Proposal: Stream compatible RegExp implementation

Question

Proposal: Stream compatible RegExp implementation

jamestalmage opened this issue 9 years ago · 1 comments

I think it would be cool to take the parser and AST you have created, and generate a Node.js Stream compatible version.

API would go something like this:

var input = createInputStream('hello how are you');
var streamRegex = new StreamRegex('\\w+');
var arr = [];
input.pipe(streamRegex.match())
 .on('data', function(chunk) {
   arr.push(chunk.toString('utf8'));
 });

console.log(arr);
// ['hello', 'how', 'are', 'you']

Goals / Ideas:

Equivalents for match, test, split, and replace
Work with very large inputs (i.e. larger than available memory). This would be the key advantage of using a Stream based version over the default.
no copying of buffer data, use Buffer.concat() and buf.slice()
work with multiple encodings
be fast

I've searched, but have not found anything that operates this way. I did find this, but it converts the buffers to strings, and concats them (violating 2, and 3 above).

Obviously this would be a separate project from this one, but it could certainly share the parser and AST at a minimum (and likely more). I may try implementing myself, but it would be nice to have buy in / input from the contributors here, especially if I end up wanting to refactor some of the code here to facilitate reuse in my project (and help from experts on the problem domain would certainly be welcome).

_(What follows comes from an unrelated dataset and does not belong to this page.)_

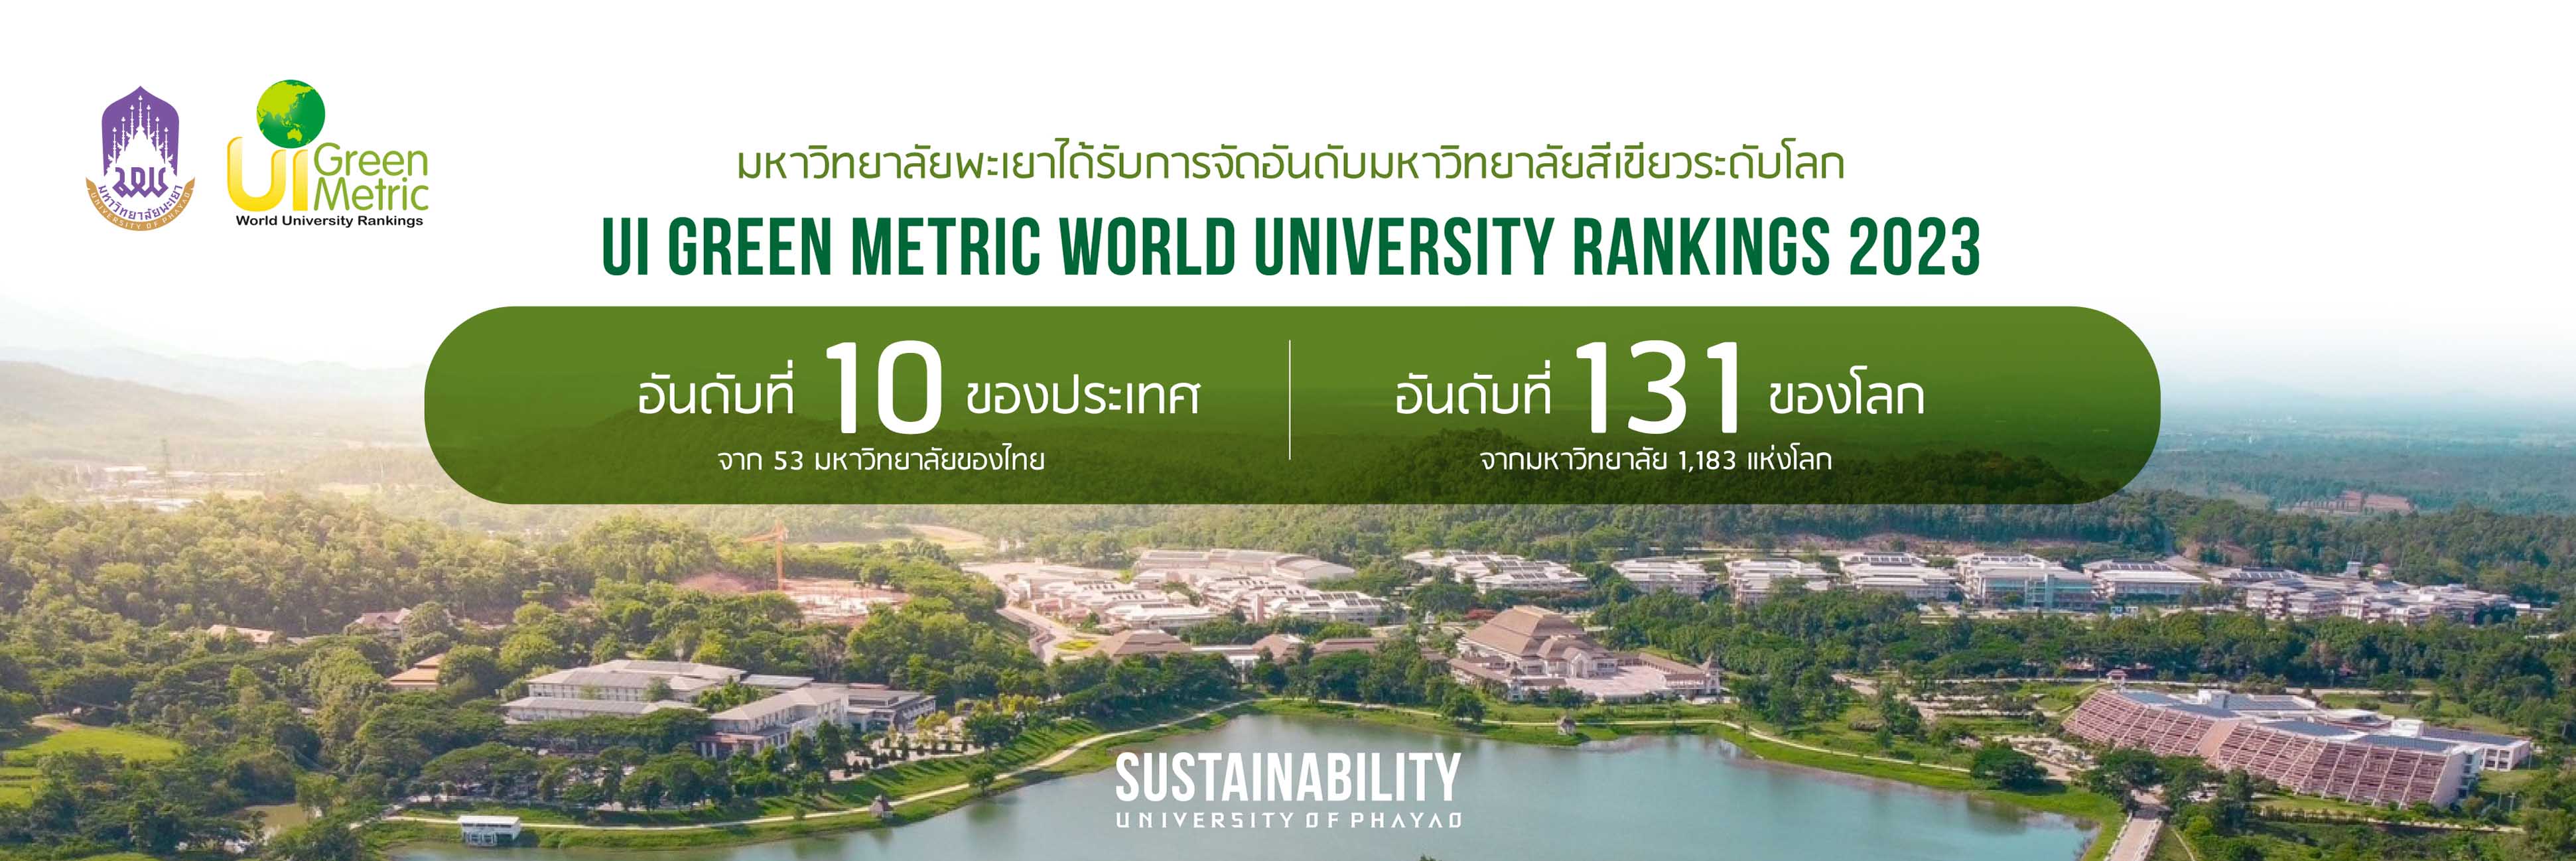 UI Green Metric World University Ranking 2023

I think it could be pretty powerful. Thoughts?

Answer 1 · 2015-08-05T12:59:54.000Z

Obviously this would be a separate project from this one,

I agree - creating a stream based RegExp engine is out of the scope of this project. Therefore, I am going to close this issue.

Work with very large inputs (i.e. larger than available memory)

This sounds like a good idea at first, but note, that it is trivial to write a RegExp that might match the entire stream input like /.+TheEnd$/. Therefore, designing a streaming based RegExp might require restricting the expressiveness of the RegExp language.